Milano is hopefully the place where Billy Baron can feel right at home, a place where he can say he is finally arrived as a big-time player. “I think I have grown mentally and physically on and off the court so much. The experiences have changed me in a good way, the adversity of last year, the extreme environment I experienced in Serbia, playing in Turkey, having different roles. Now Milan is the perfect step for me, to go for a EuroLeague championship and an Italian league championship. At the end of the day, when you go back home and retire that is all you want to show for your career. Being here, in Milan, with all the people around the organization, all the teammates that I have, facilities like these, this is what you work every day for.”

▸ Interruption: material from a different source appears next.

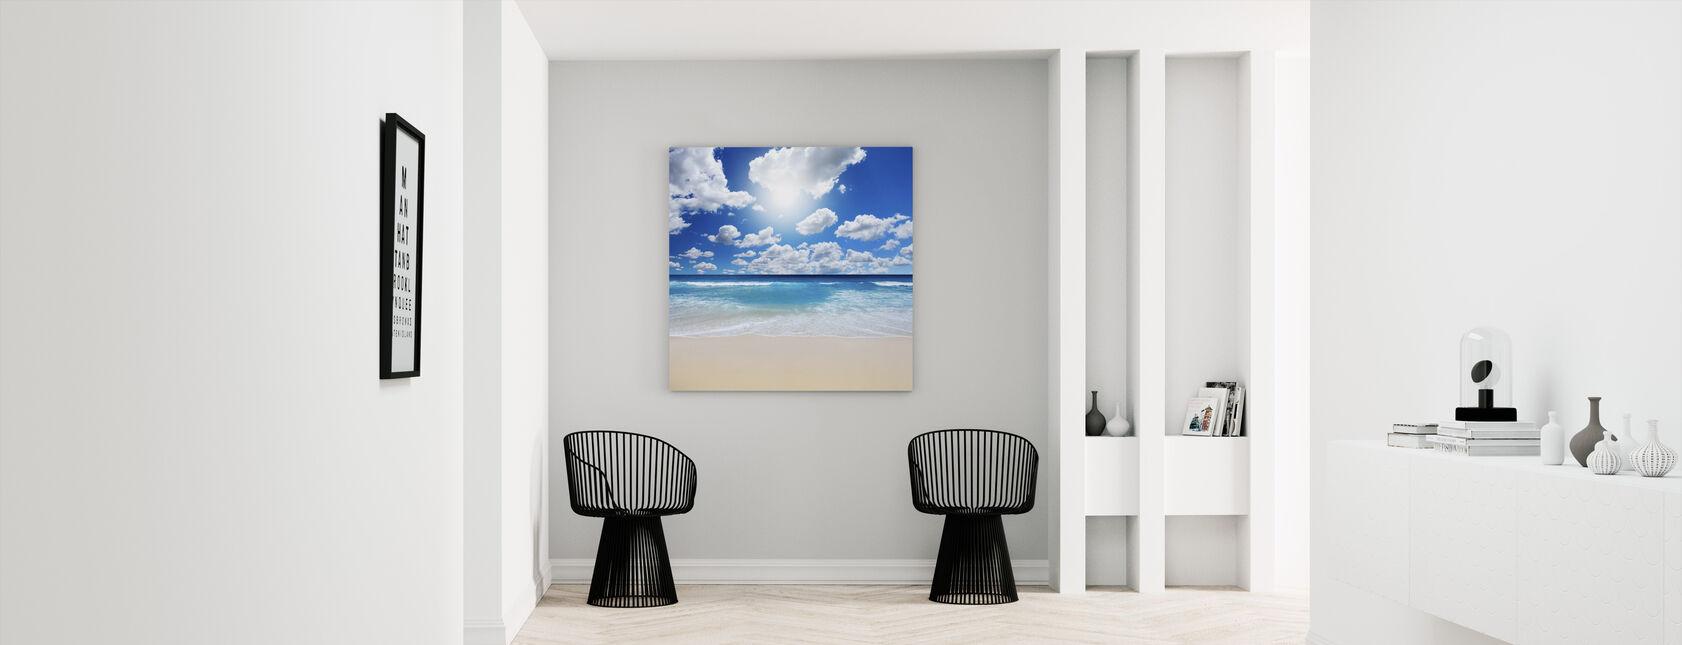 Summertime at the Beach - Canvas print - Hallway

A conversation with Coach Messina sealed the deal. “Coach wants me there in the big games. And that’s what I want, I want the expectations, the EuroLeague games, coming off the bench, starting, whatever my role is going to be. I’m here to be ready for whatever Coach Messina will ask me. This is what he wants me to do, wants me to bring the experience, bring the shooting, playing hard defense as well and just contributing to the team wins. Whatever he will ask me, I’m here to show I’m willing to do whatever we need, bring the ball up, take a charge, hit a shot, hit the open man, whatever. I don’t’ want to be a liability on defense, don’t’ want to be a guy who is a liability on defense. I told Coach Messina I’m here to give everything, I’m 31 years old, it is my ninth season overseas and what I want more is a EuroLeague title and so I’m here to do whatever he wants, give my all for my entire stay here and hopefully the results will be raising up the trophy.”